Traditional sequencing technology applied to re-sequencing a particular genomic region (such as the exons of a gene) may also be used to detect known mutations. However, because of its higher cost, re-sequencing is generally performed as a discovery tool to screen for new genomic sequence variations and mutations, including base substitutions, insertions and deletions.
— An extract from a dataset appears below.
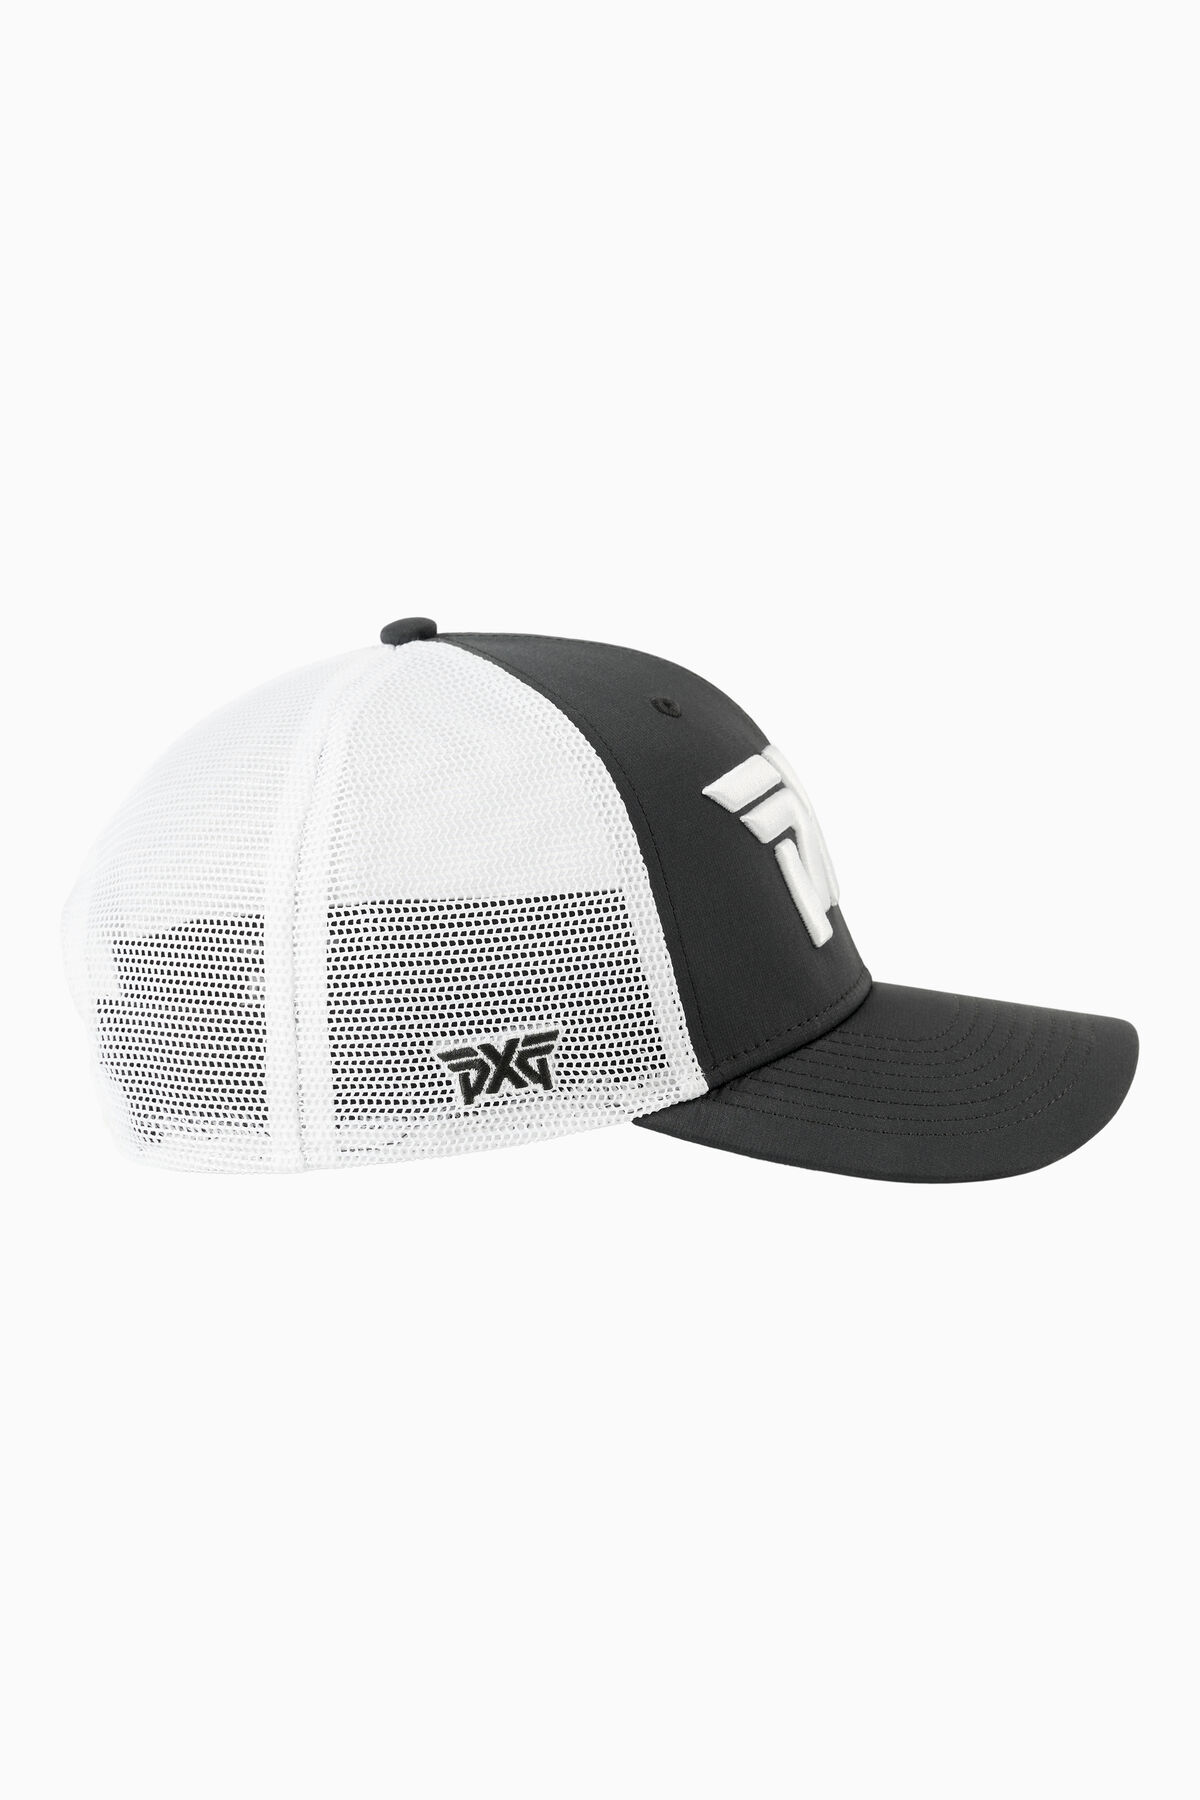 PXG x Darius Rucker Trucker Hat - Black - One Size Black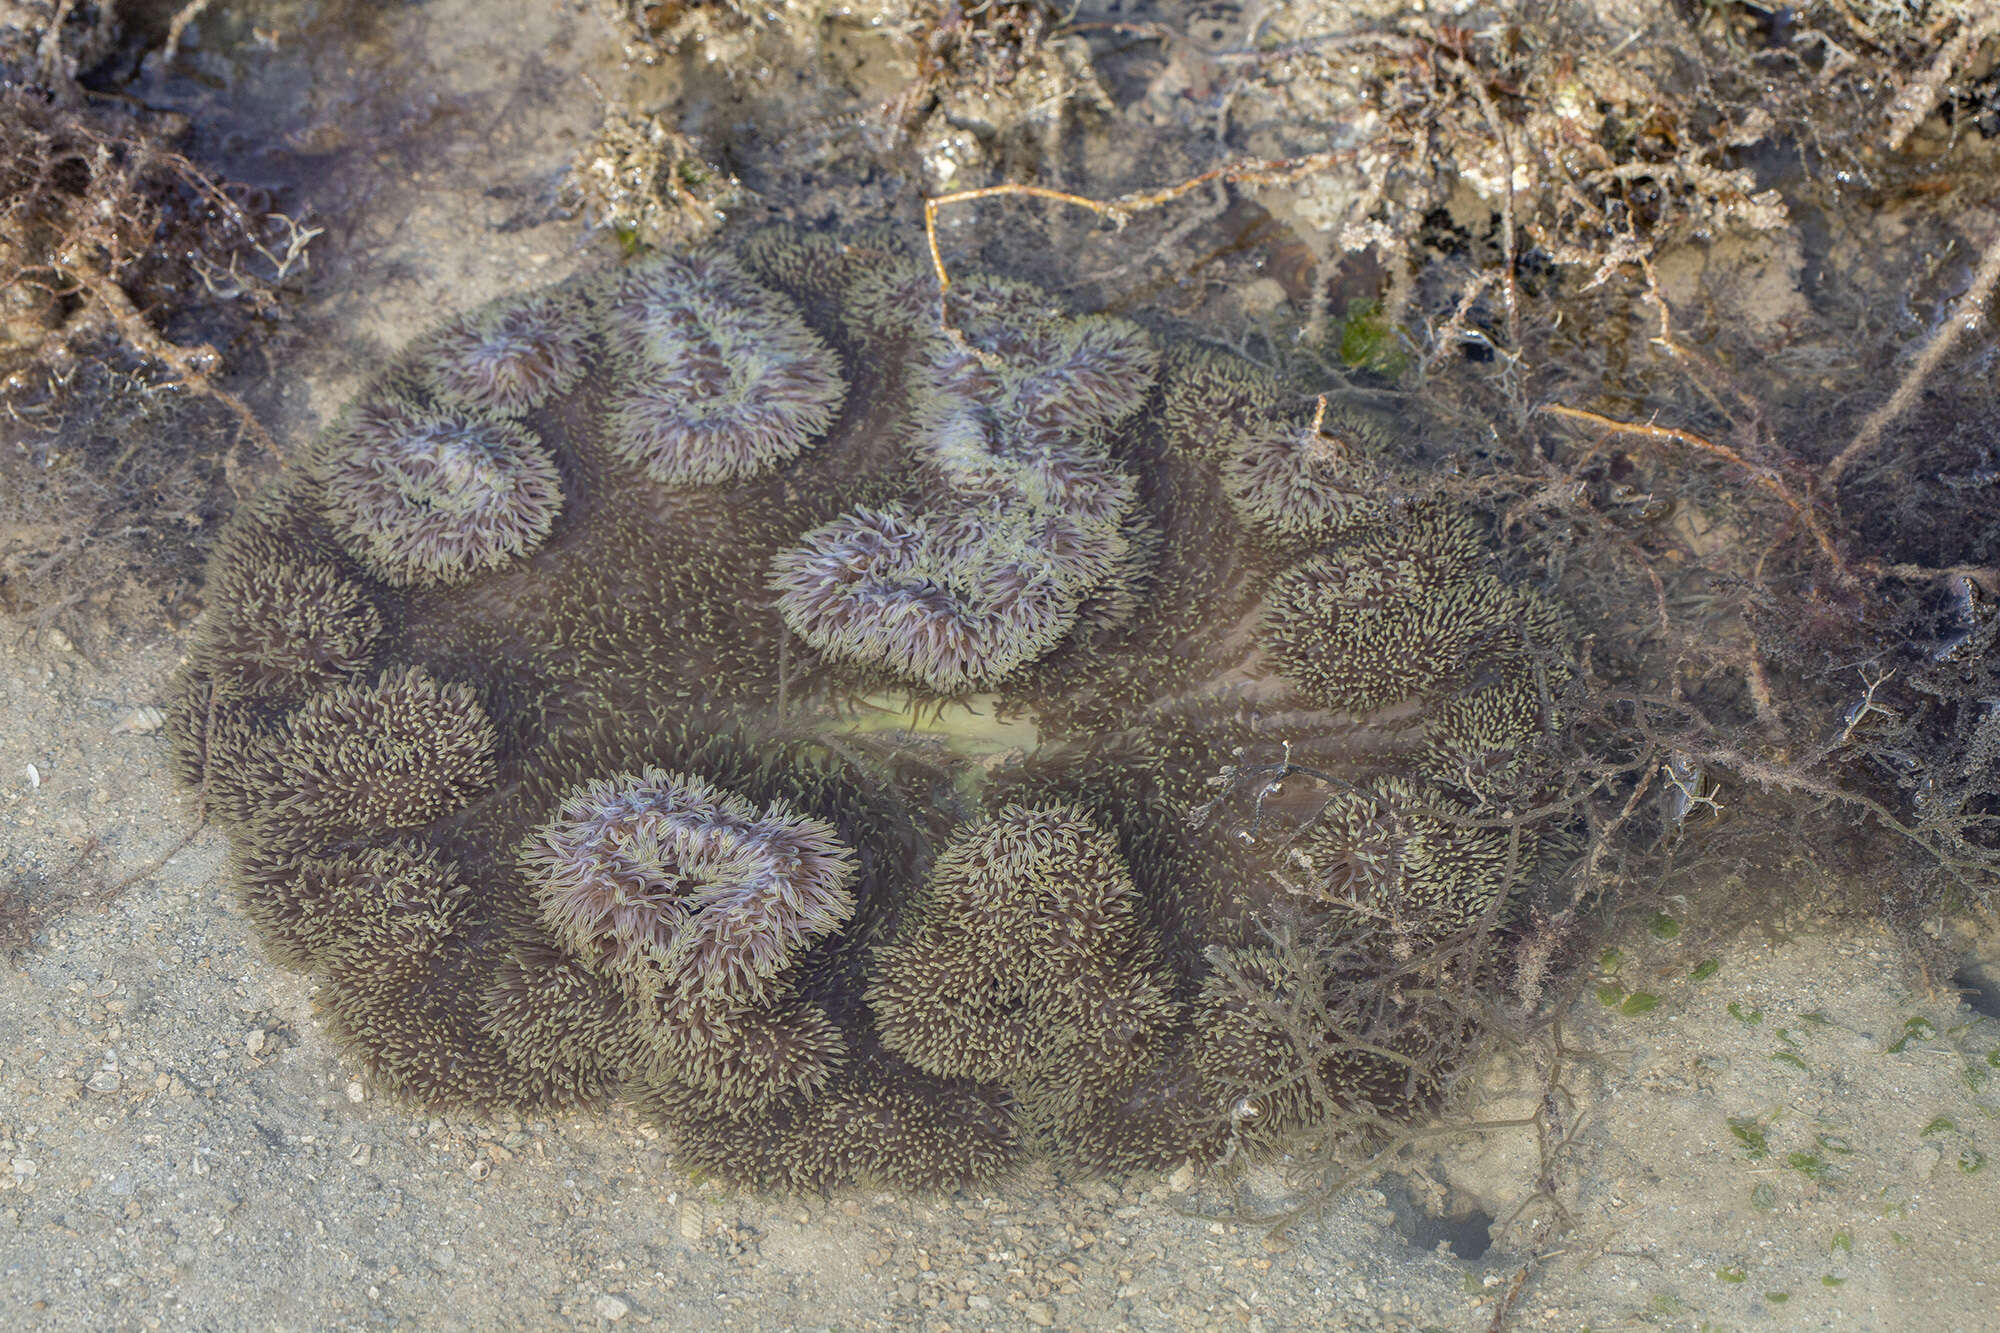 Image of Gigantic sea anemone

In particular, gene re-sequencing efforts have recently been undertaken largely to catalog synonymous (not leading to amino acid substitutions) or non-synonymous (leading to amino acid substitutions) substitutions in genetic diseases, such as cancer (2–5).
The Cancer Genome Atlas (TCGA) initiative proposed by the NIH is a large gene re-sequencing effort to take place over the next decade (NIH Press Release, December 13, 2005; available at http://cancergenome.nih.gov). TCGA will involve re-sequencing thousands of human genes from thousands of tumor samples. Without major breakthroughs in sequencing technology, this effort will not be able to re-sequence all genes and will be limited to particular tumor types. This large screening effort will naturally be followed by other smaller efforts undertaken by individual labs and small consortia to fill in the gaps, as well as to verify and validate putative variations on larger sample sizes. A number of these smaller projects will be targeted at particular genes and at particular tumors. In all of these projects, large and small, until sequencing costs drop by several orders of magnitude, funding limits will force decisions about which genes to re-sequence and in what order they will be examined. Therefore, selection and prioritization of genes for re-sequencing is a common first step that will be repeated for each project. With appreciable amounts of sequence and functional data available in public databases, and without tools to navigate these data, the gene selection process can become a painstaking task. The CancerGenes resource will keep up with the results produced by TCGA by utilizing the Catalogue of Somatic Mutations in Cancer (COSMIC) curated resource (6).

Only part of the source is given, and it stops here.